Research

Current and past research projects

Current

Sparse Attention Patterns in Video Diffusion: Do They Preserve Semantic Consistency Across Frames?

● in progress

Sparse and linear attention approximations reduce compute in spatial dimensions, but video requires temporal attention for consistency. We're probing whether existing sparse attention masks used for efficiency inadvertently disrupt cross-frame token interactions, and whether simple structured sparsity patterns — like attending to the first frame plus a local window — can recover consistency at lower cost.
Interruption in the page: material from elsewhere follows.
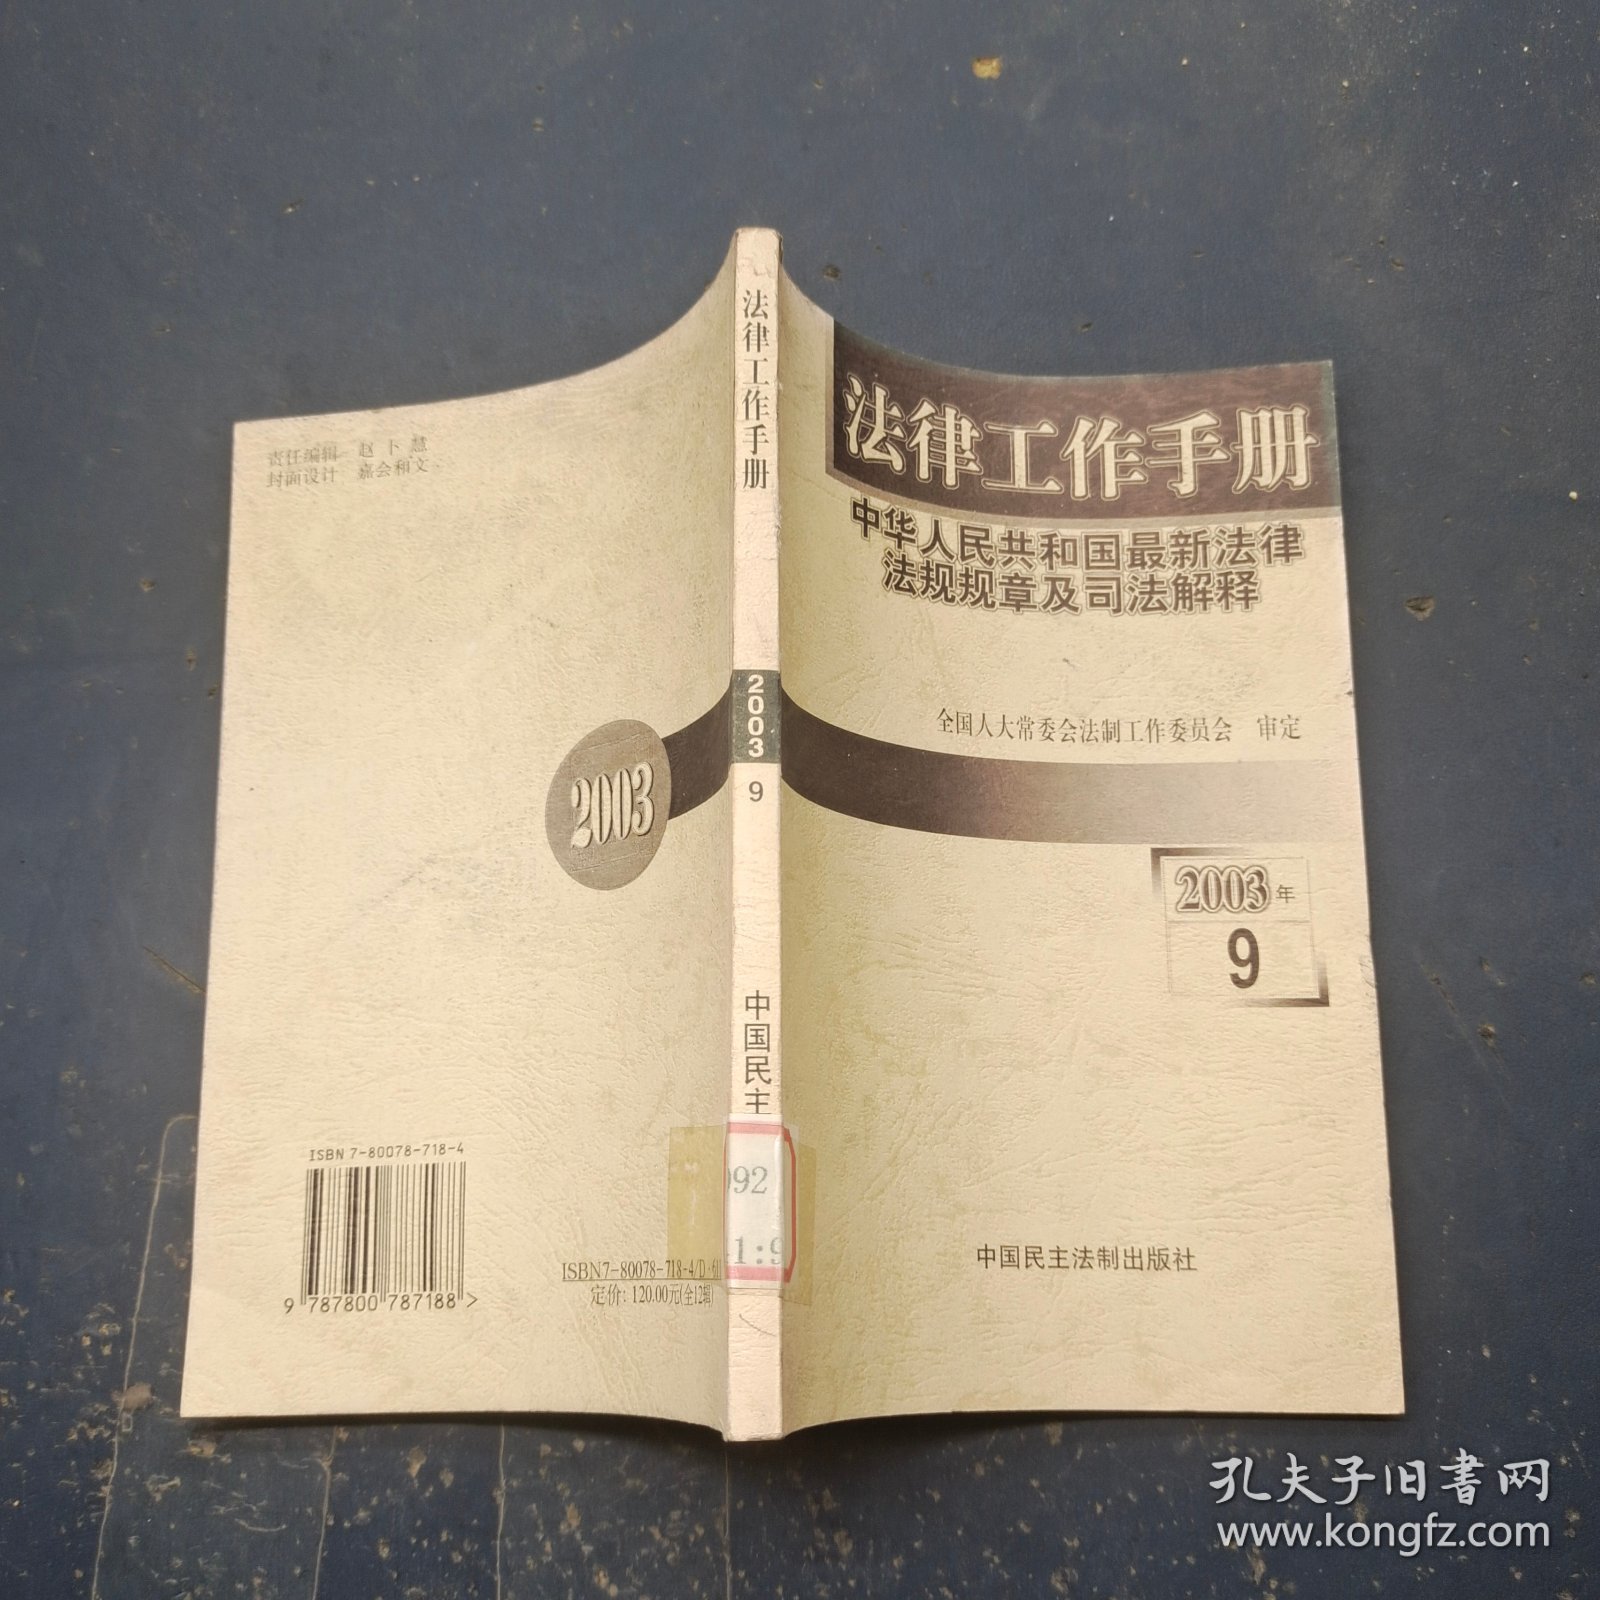 法律工作手册:中华人民共和国最新法律法规规章及司法解释.2003年卷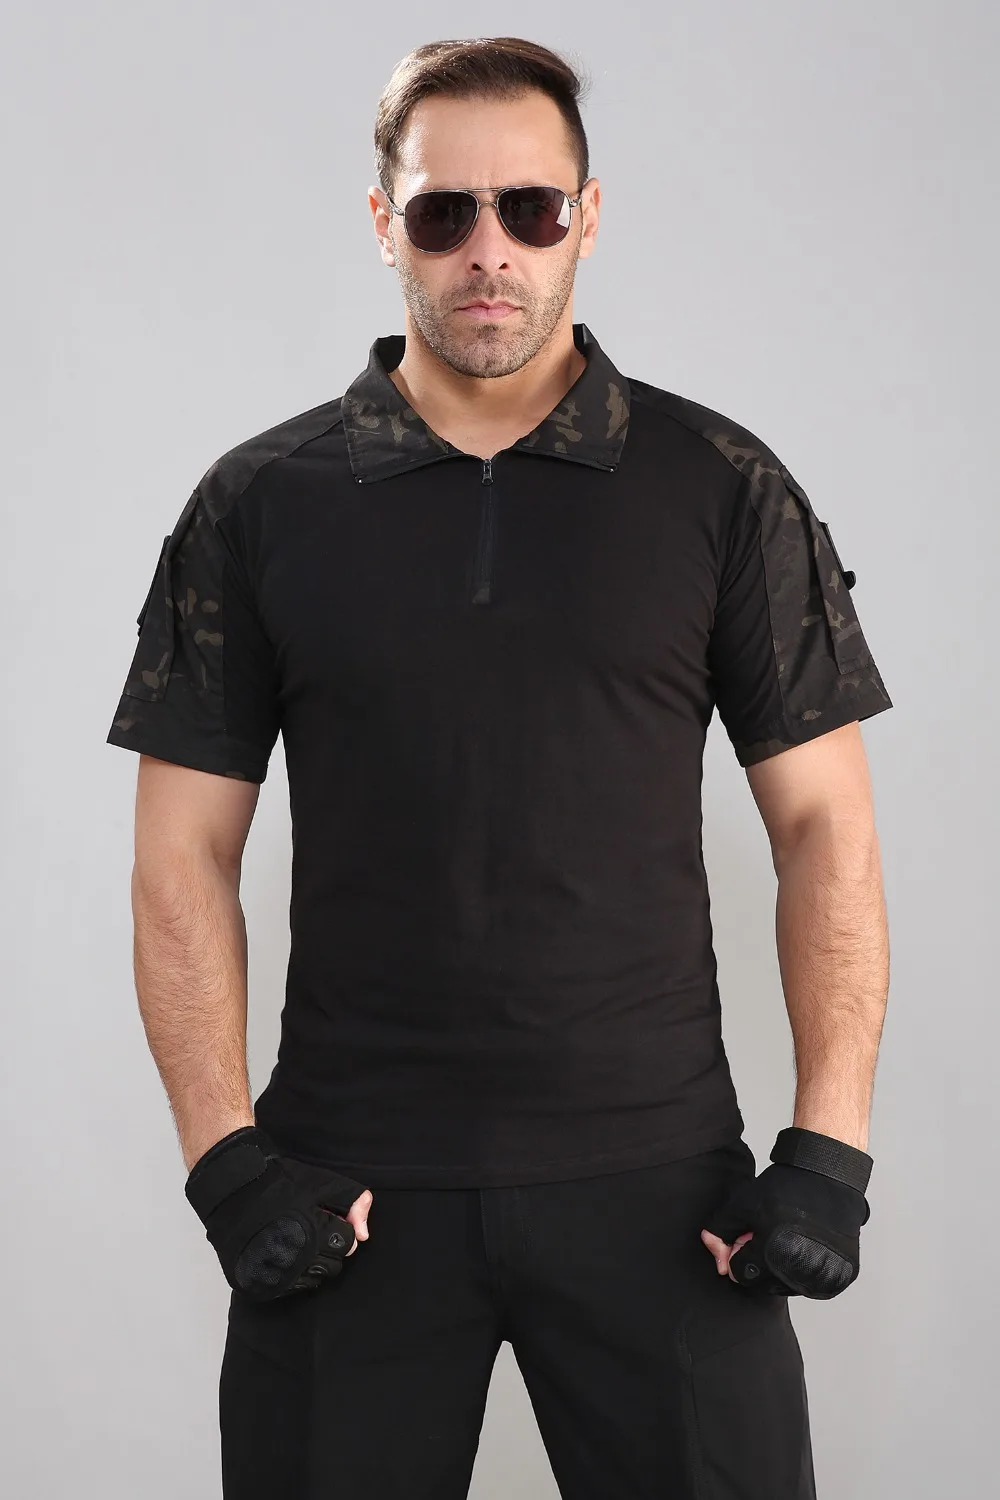 Летняя камуфляжная армейская боевая рубашка для мужчин, Военная тактическая рубашка поло США, страйкбольная камуфляжная рубашка поло с коротким рукавом

Directly relevant to autoregressive streaming pipelines where full temporal attention is the main bottleneck.

Sparse Attention Video Diffusion Temporal Consistency SLA SageAttention

Temporal Attention Drift in Autoregressive Video Diffusion

● in progress

As autoregressive video models generate longer sequences, how do temporal attention patterns evolve? We're studying whether attention to early frames dilutes over time and whether this directly causes the quality degradation seen in long sequences. Testing whether forced attention anchoring to keyframes can recover consistency without retraining. Pure inference-time analysis — gives a mechanistic explanation for what Long Live and Self-Forcing++ are implicitly trying to fix.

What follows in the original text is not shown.